On November 19 the president was going to Gettysburg—whose 23,000 Union casualties in July remained the highest of any battle of the war—to speak at the dedication of the town’s new war cemetery. The solemn and painful task was made worse by the uncertainty in the west; Lincoln would have to address the mourners with Rosecrans’s disaster at Chickamauga still fresh in their minds. However, Lincoln did not wish to dwell on the dangers facing the country, or why duty had to be its own reward at such a time. He already had a theme for the speech, one advocated three months earlier by Seward’s financial emissary to London, John Murray Forbes, whose perspective on the meaning of the war had sharpened during his travels abroad. “John Bright and his glorious band of English republicans can see that we are fighting for democracy,” Forbes had written to Lincoln on September 8. “After we get military successes, the mass of the Southern people must be made to see this truth, and then reconstruction becomes easy and permanent.”18

A large retinue accompanied Lincoln to Gettysburg, including Seward, several governors and senators, and the French minister, Henri Mercier, but not Lord Lyons, who did not receive an invitation. Although the reasons for the visit were somber, the crowds greeted Lincoln with enthusiasm and lined up in large numbers to shake his hand. The principal speaker at the ceremony was not the president but the great orator Edward Everett, whose age and infirmities were sadly evident in parts of his speech. Everett spoke for more than two hours during the unusually hot afternoon, tripping up occasionally and at one point confusing Meade with Lee.19

When he was finished, the audience steeled itself for another long speech, not knowing that Lincoln had been asked by the organizers to be short and concise. The two-minute address was over so quickly that the photographer did not have time to focus his lens, and many among the fifteen thousand listeners had not yet settled down. Lincoln himself believed that his words had fallen flat. Several newspapers criticized him for failing to live up to the occasion.20 Antonio Gallenga, a temporary correspondent for The Times, thought that Lincoln’s speech had been a total failure.
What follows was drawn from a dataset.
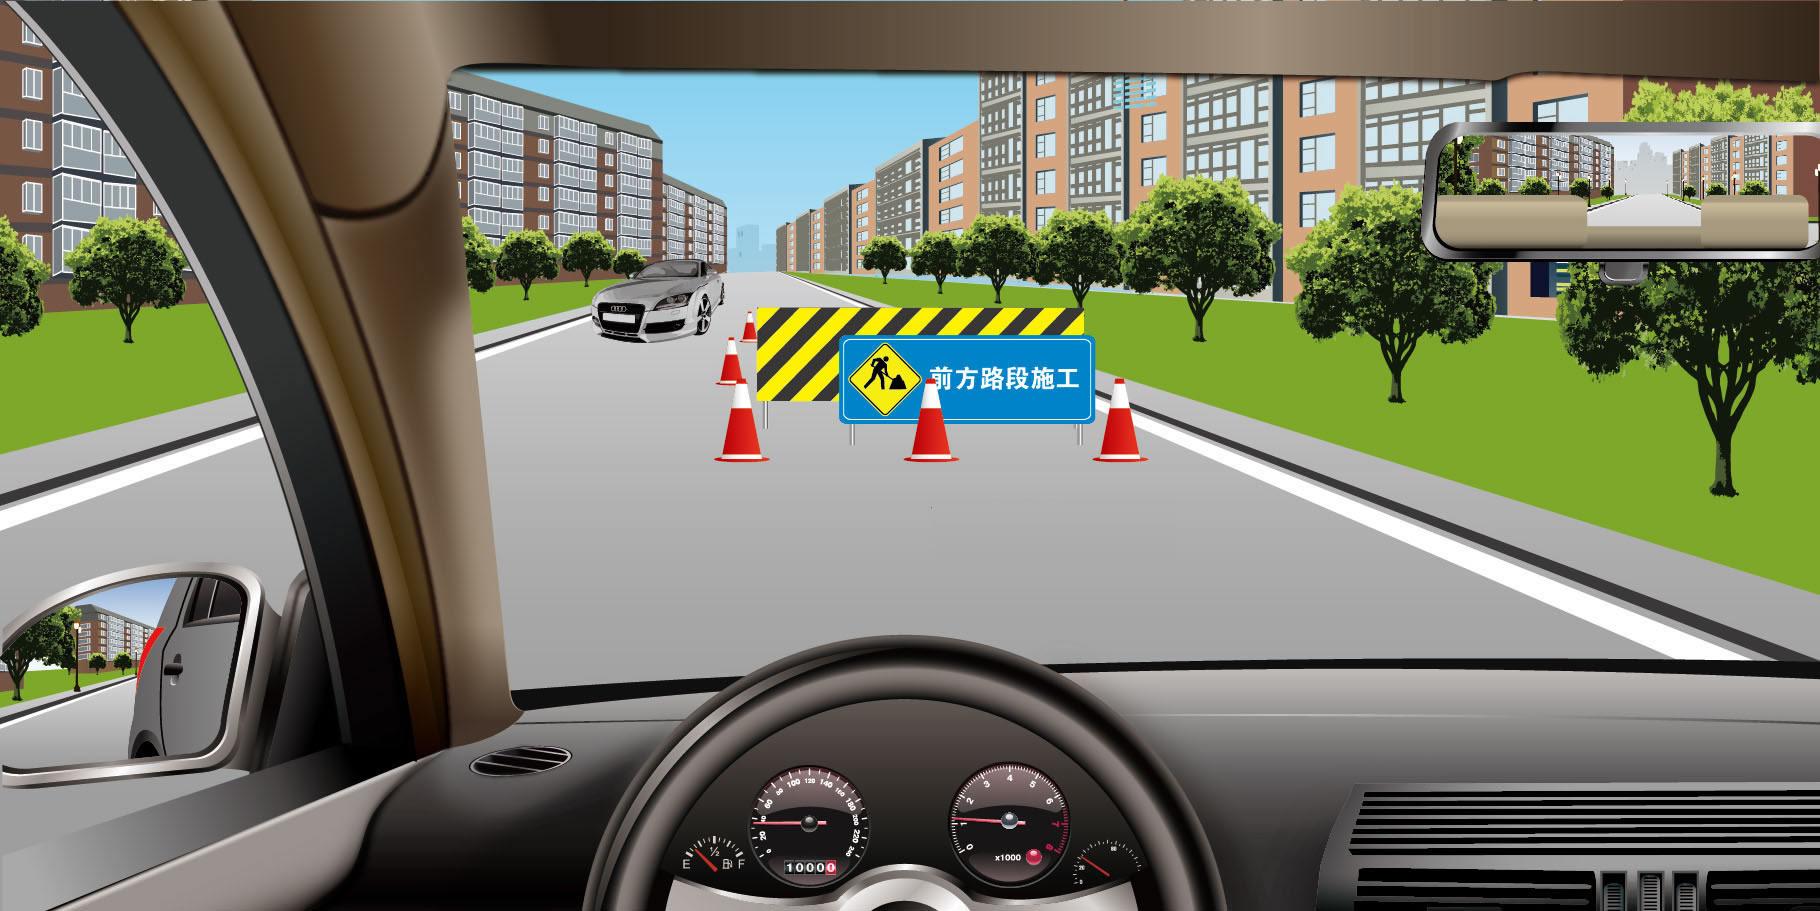 如图所示,在这种情形下,对方车辆具有先行权.

English readers were told that the “imposing ceremony” was “rendered ludicrous by some of the luckless sallies of that poor President Lincoln.”21 But Lincoln’s private secretary John Hay recorded in his diary that the president spoke “in a firm free way, with more grace than is his wont.”22 Edward Everett had no doubts about the momentous nature of Lincoln’s speech. He congratulated Lincoln, confessing that he wished “I came as near to the central idea of the occasion, in two hours, as you did in two minutes.”23 Everett realized that Lincoln had captured the essential nature of the war. In a mere 272 words, the president had defined the moral purpose of the country’s existence—democracy, freedom, equality—not only for the mourners at Gettysburg but for every subsequent generation of the American people. The Revolution of 1776 had brought forth:

a new nation, conceived in liberty, and dedicated to the proposition that all men are created equal. Now we are engaged in a great civil war, testing whether that nation, or any nation so conceived and so dedicated, can long endure.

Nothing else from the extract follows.